> **What is expected**
Return each line of the listing exactly, though without its images.

> **Exercise data**
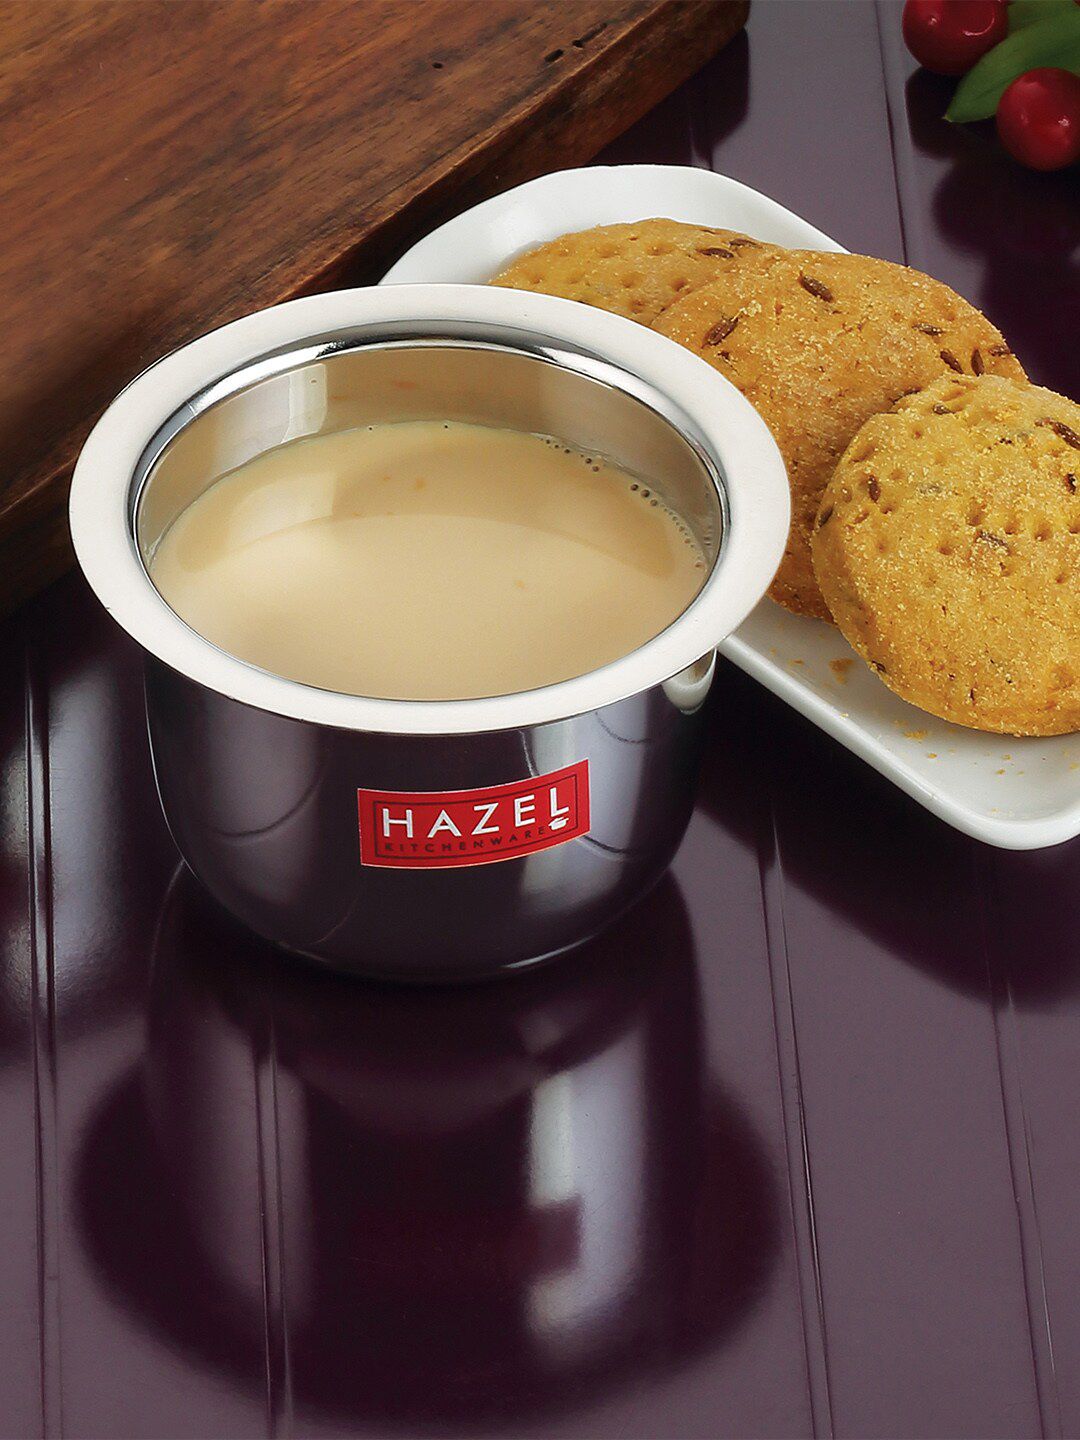 HAZEL Silver-Toned Solid Stainless Steel Glossy Cups Set of Cups and Mugs Price in India
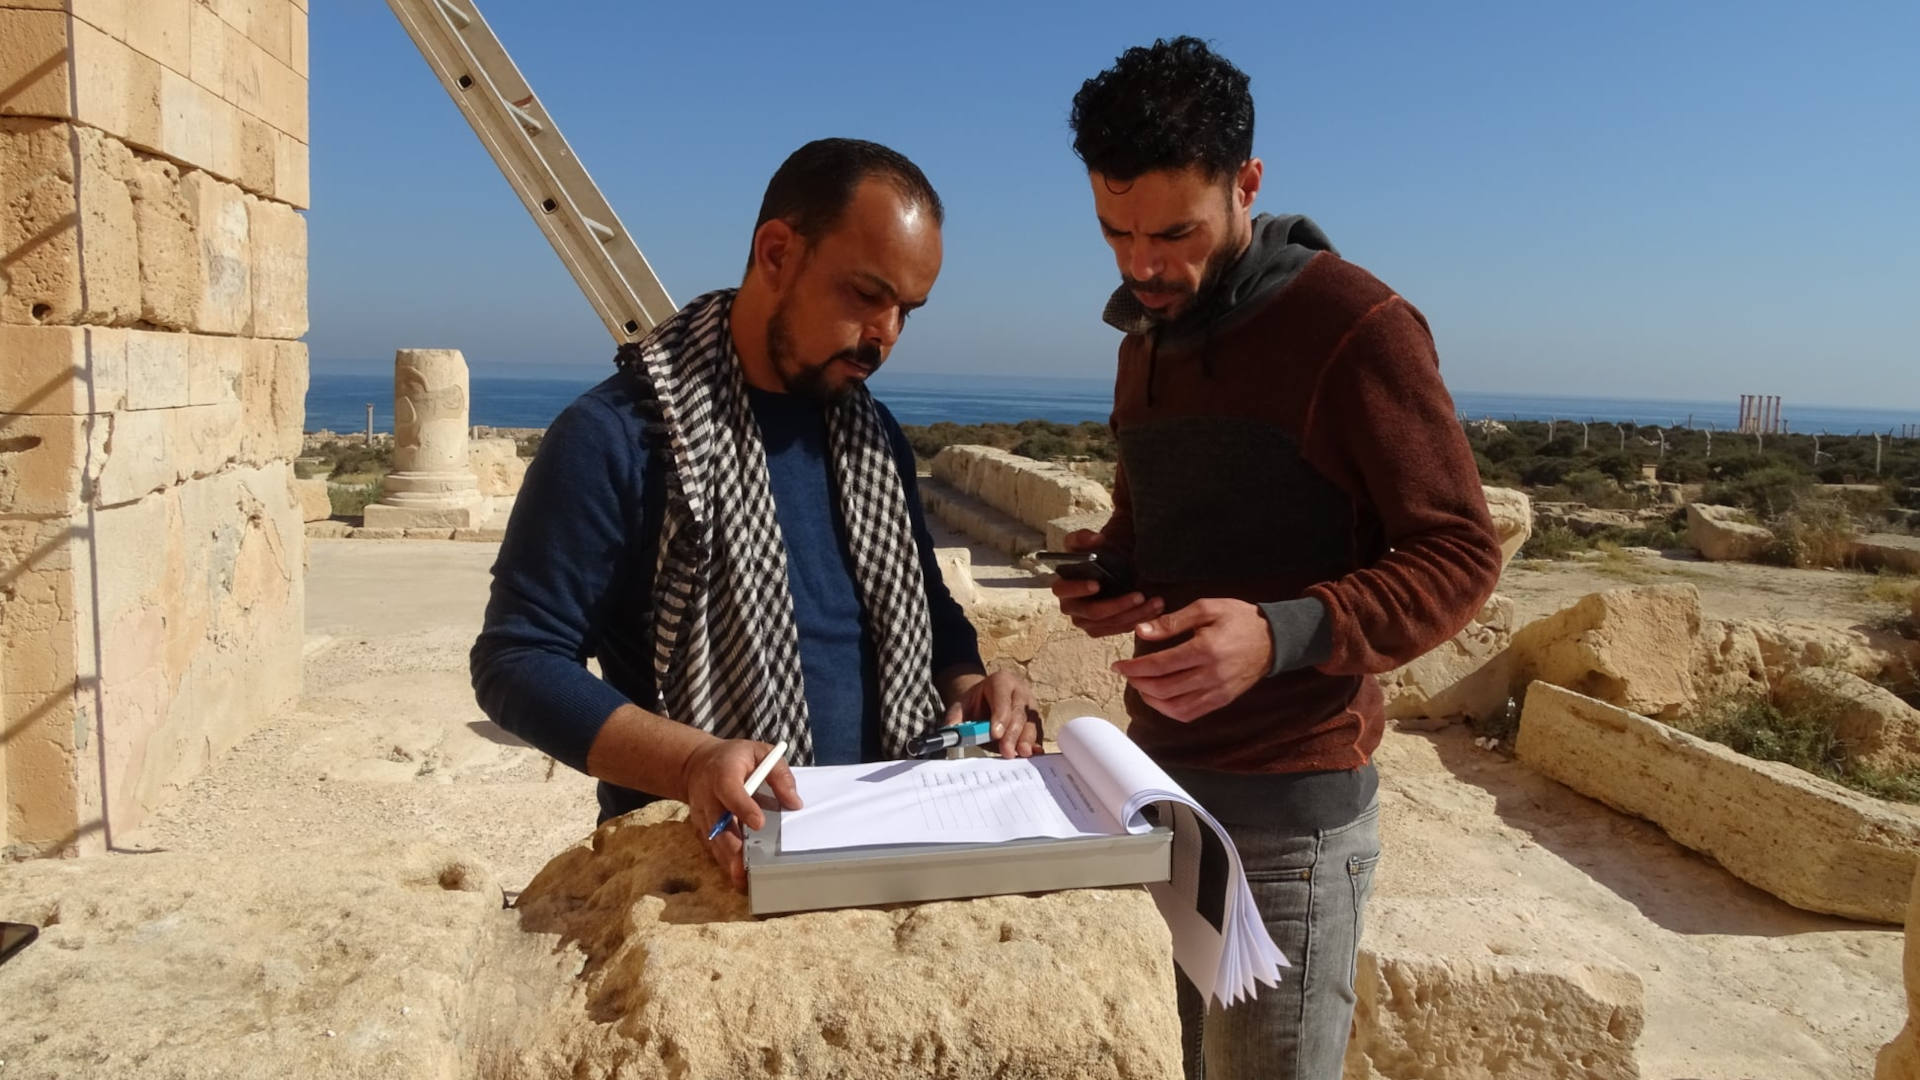 Mahmoud Hadia (left) and Ahmed Masoud (right) record bullet hole measurements at Sabratha, an ancient Roman theater that was damaged during fighting in 2017.
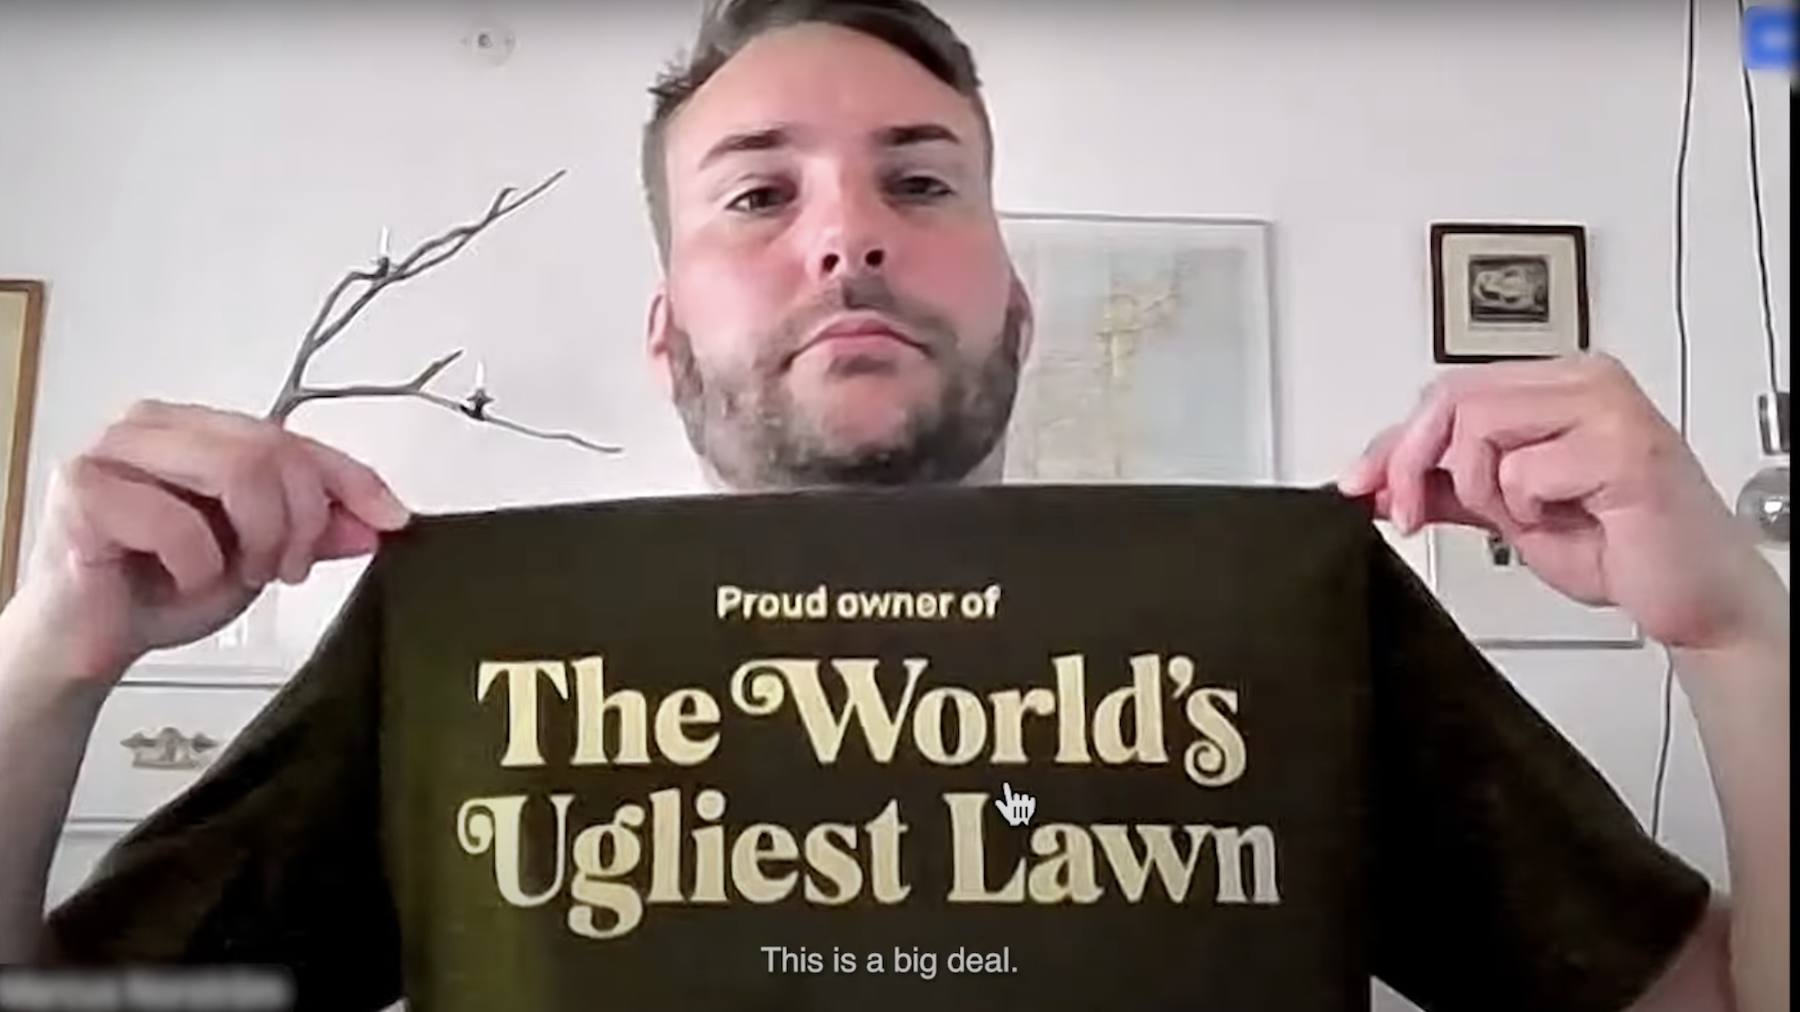 winner of the ugliest lawn in the world tshirt

> **Response to the exercise**
 HAZEL Silver-Toned Solid Stainless Steel Glossy Cups Set of Cups and Mugs Price in India
 Mahmoud Hadia (left) and Ahmed Masoud (right) record bullet hole measurements at Sabratha, an ancient Roman theater that was damaged during fighting in 2017.
 winner of the ugliest lawn in the world tshirt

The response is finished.